I assume task manager's messages are being dropped by Akka rpc as it binds to localhost:6123.
2019-07-16 17:31:12,546 INFO org.apache.flink.runtime.resourcemanager.StandaloneResourceManager - Request slot with profile ResourceProfile{cpuCores=-1.0, heapMemoryInMB=-1, directMemoryInMB=0, nativeMemoryInMB=0, networkMemoryInMB=0} for job 38190f2570cd5f0a0a47f65ddf7aae1f with allocation id 97af00eae7e3dfb31a79232077ea7ee6.
2019-07-16 17:31:14,043 ERROR akka.remote.EndpointWriter - dropping message [class akka.actor.ActorSelectionMessage] for non-local recipient [Actor[akka.tcp://flink@flink-job-cluster:6123/]] arriving at [akka.tcp://flink@flink-job-cluster:6123] inbound addresses are [akka.tcp://flink@localhost:6123]

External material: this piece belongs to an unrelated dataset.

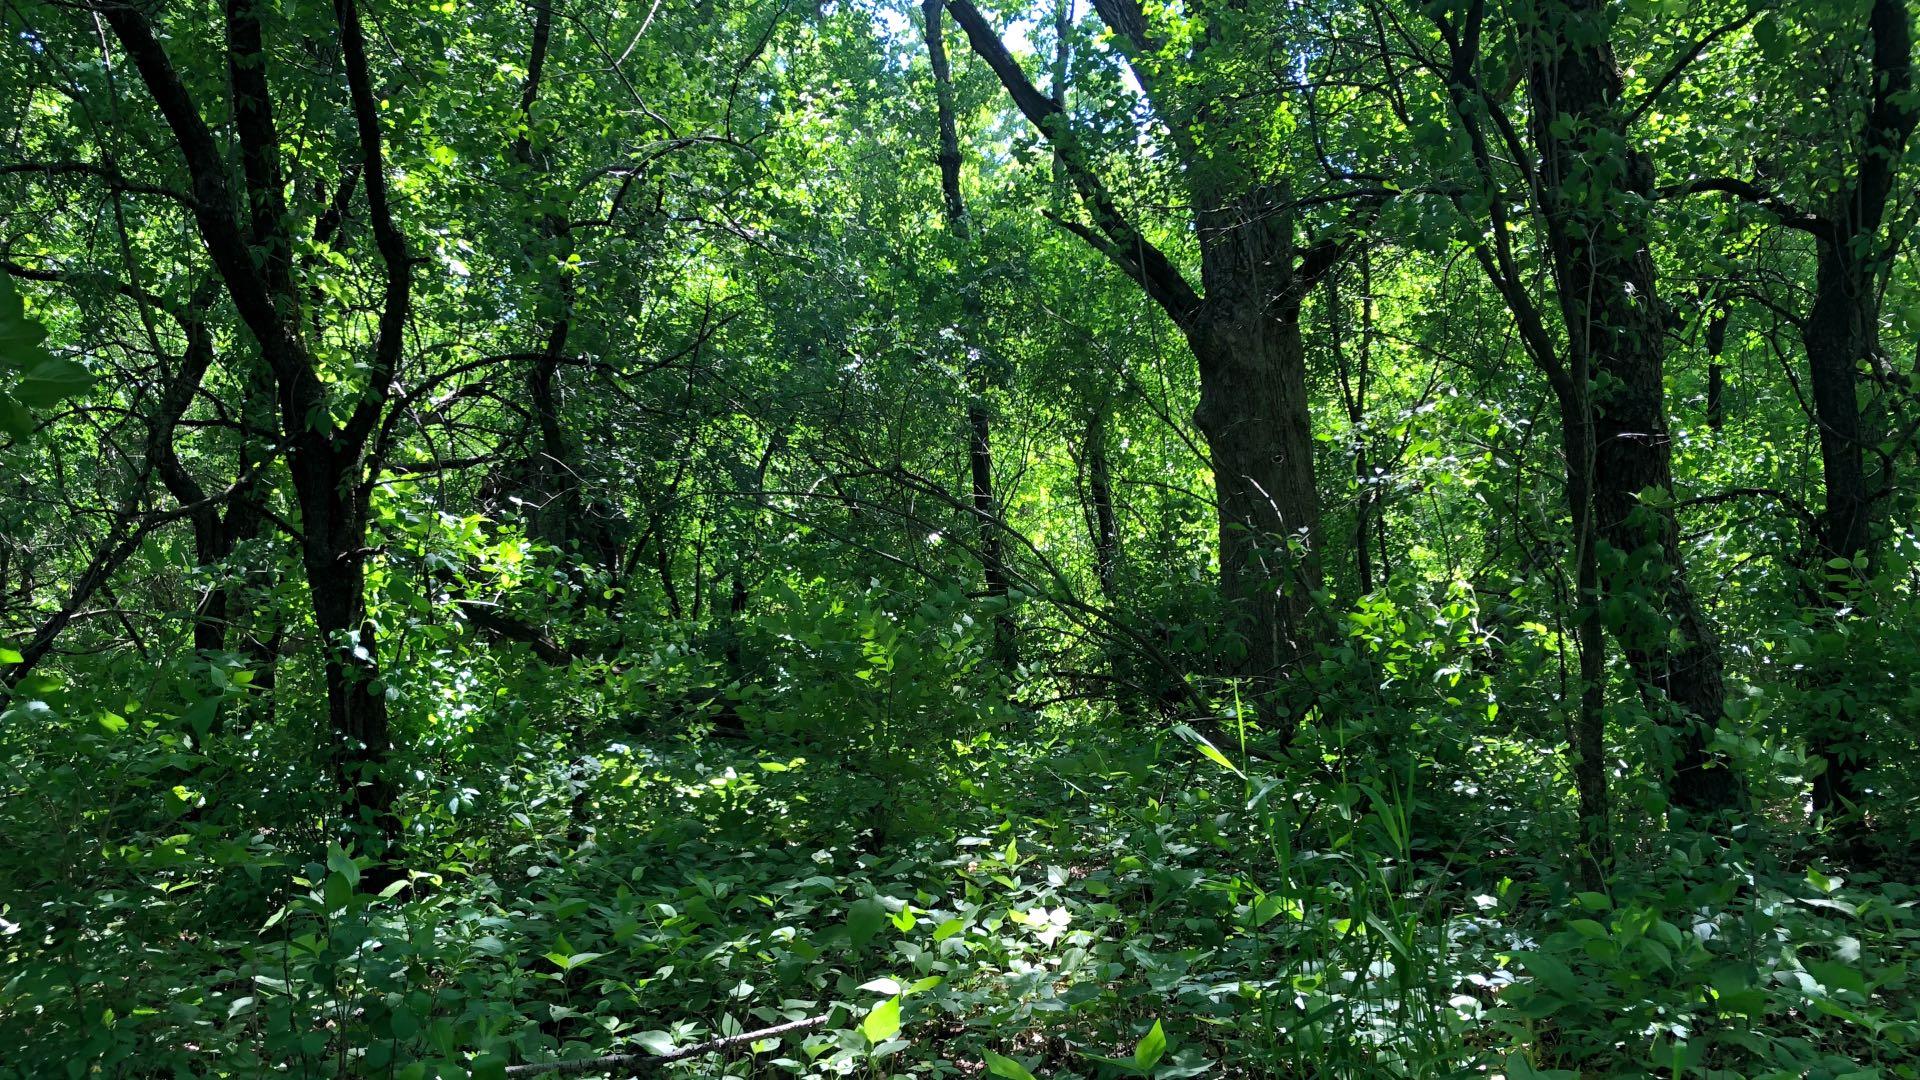 Thompson Road Farm: The woods are overgrown with invasive species. (Patty Wetli / WTTW News)
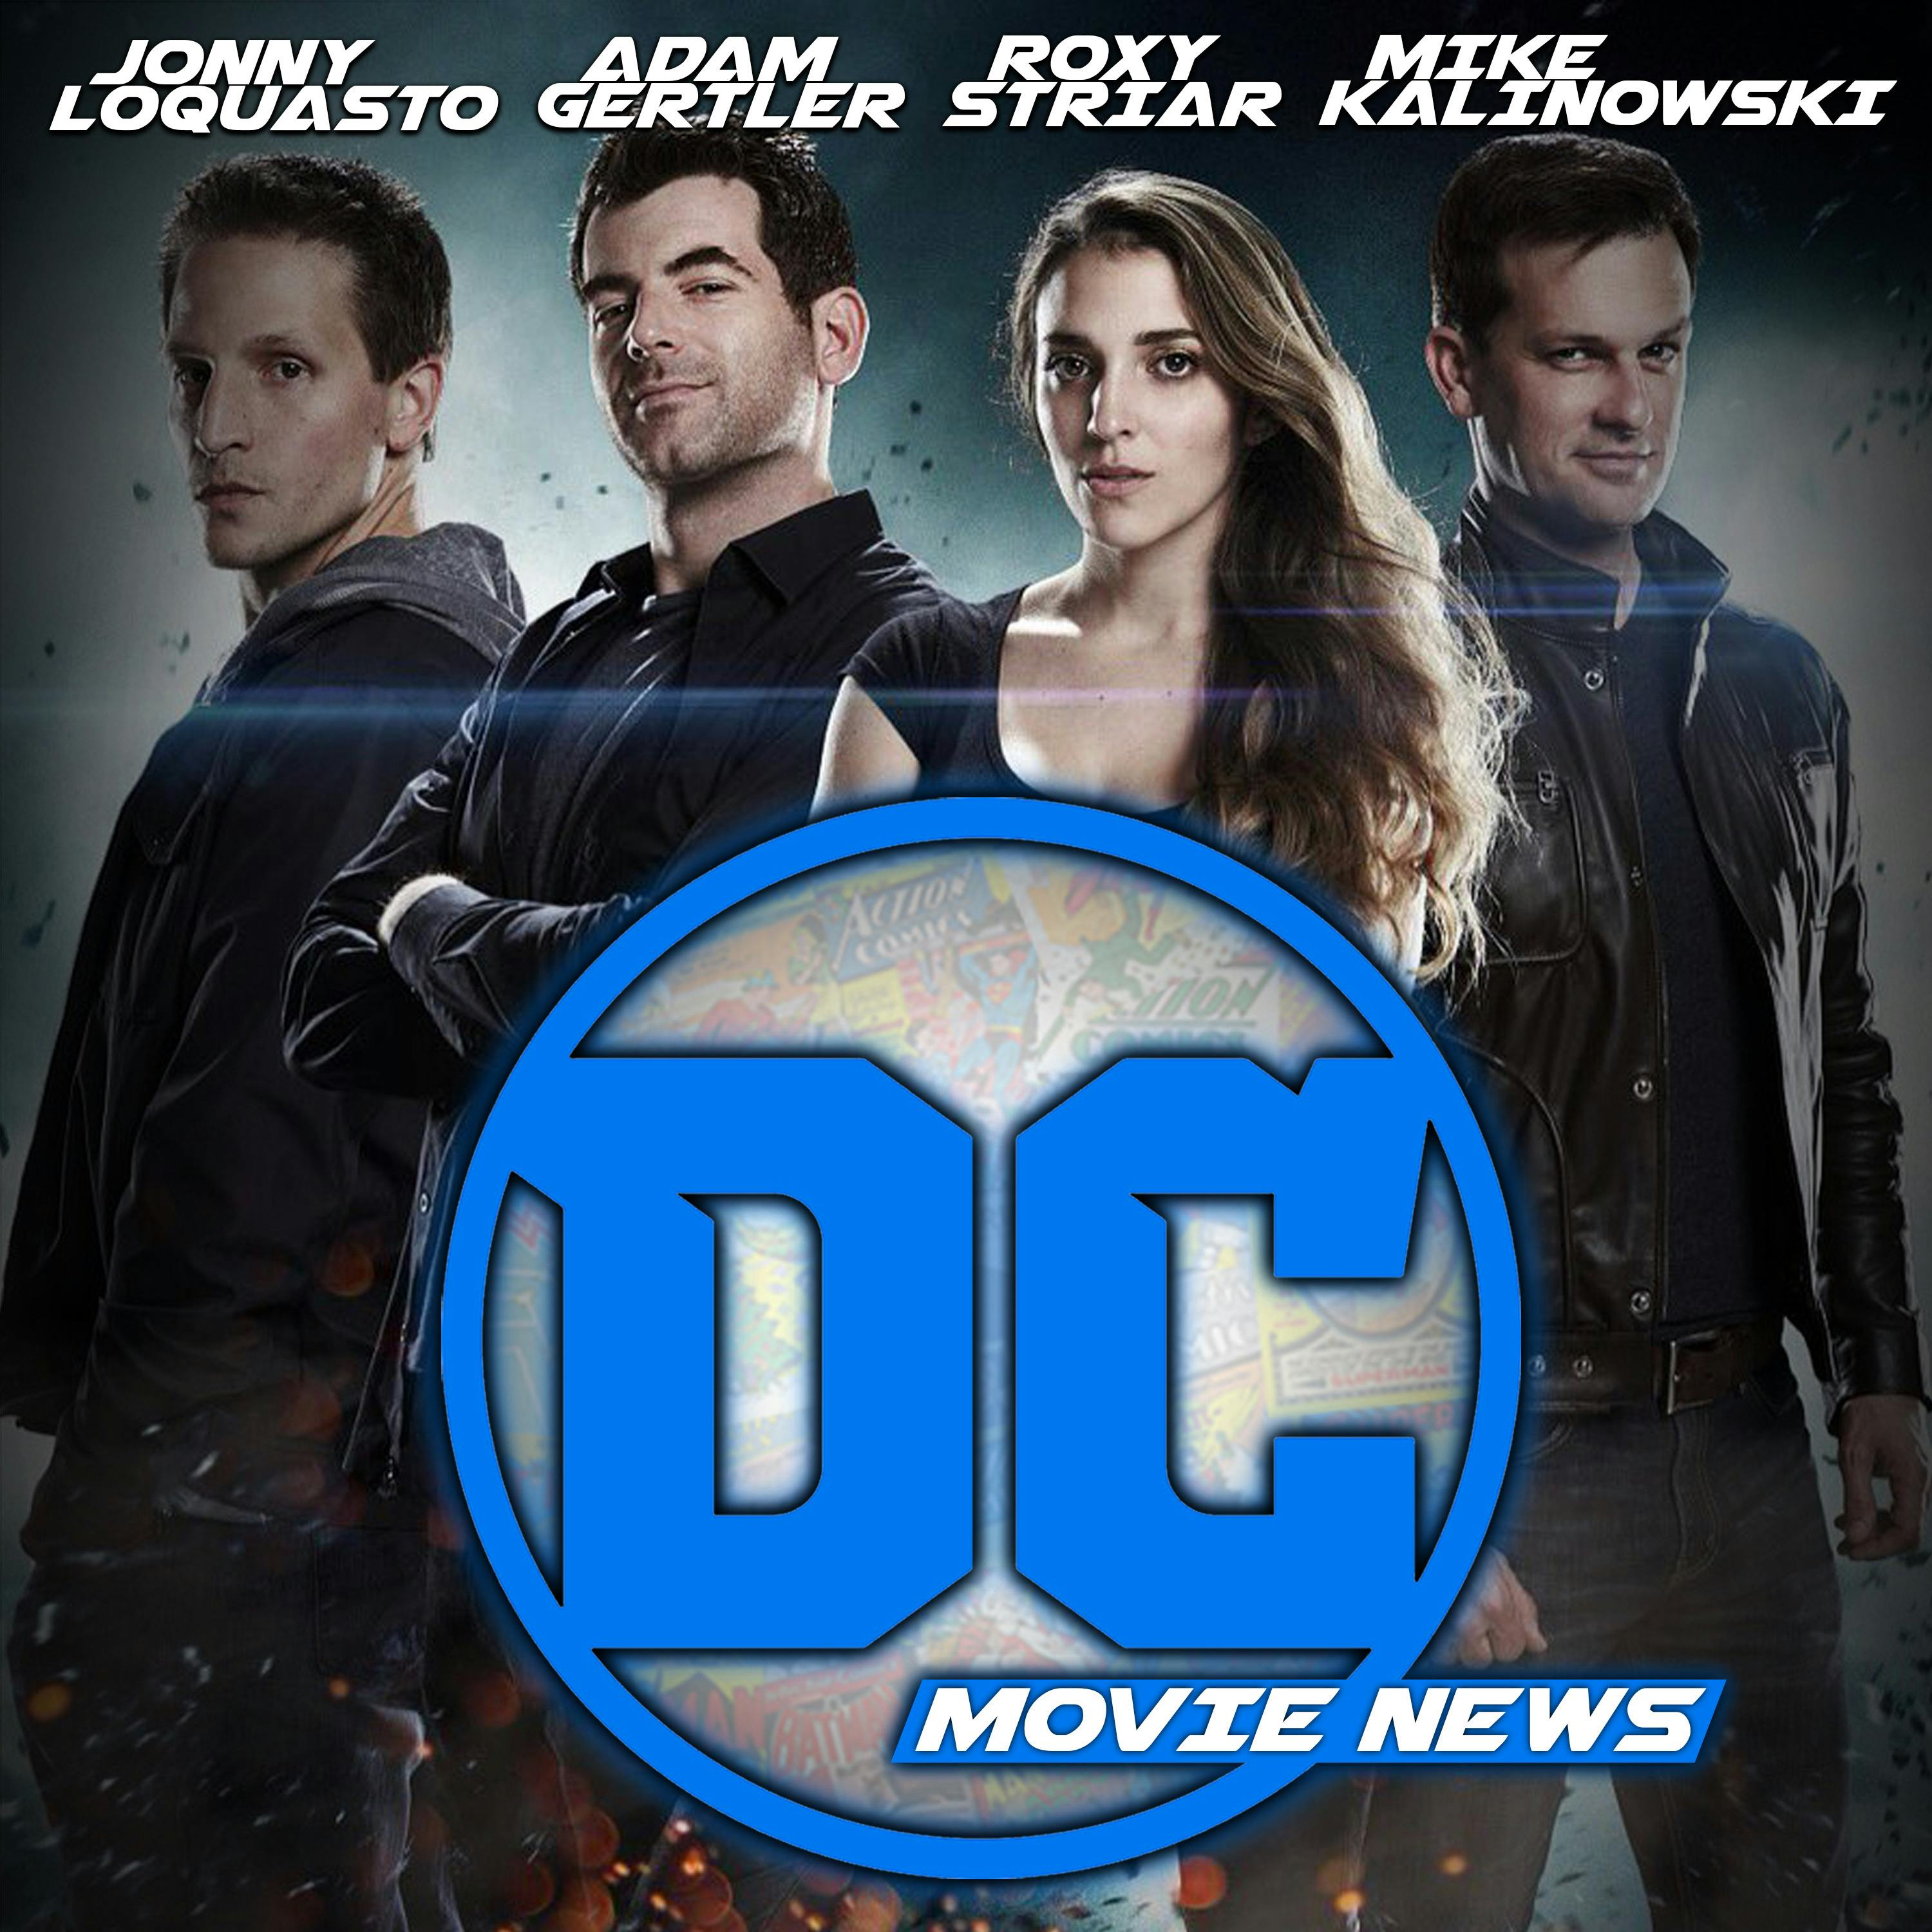 Will DC say goodbye to Affleck & Cavill? + The Flash Production Delayed Until 2019

2019-07-16 17:31:26,564 ERROR akka.remote.EndpointWriter - dropping message [class akka.actor.ActorSelectionMessage] for non-local recipient [Actor[akka.tcp://flink@flink-job-cluster:6123/]] arriving at [akka.tcp://flink@flink-job-cluster:6123] inbound addresses are [akka.tcp://flink@localhost:6123]
Not sure why job manager binds to localhost.
PS: Task manager pod could resolve flink-job-cluster
host. Hostname resolved to service ip address.
Root cause of the issue is jobmanager.rpc.address arg value is not applied. Somehow in-line Args was not set into flink global configuration properly. But args passed as multi-line list works fine.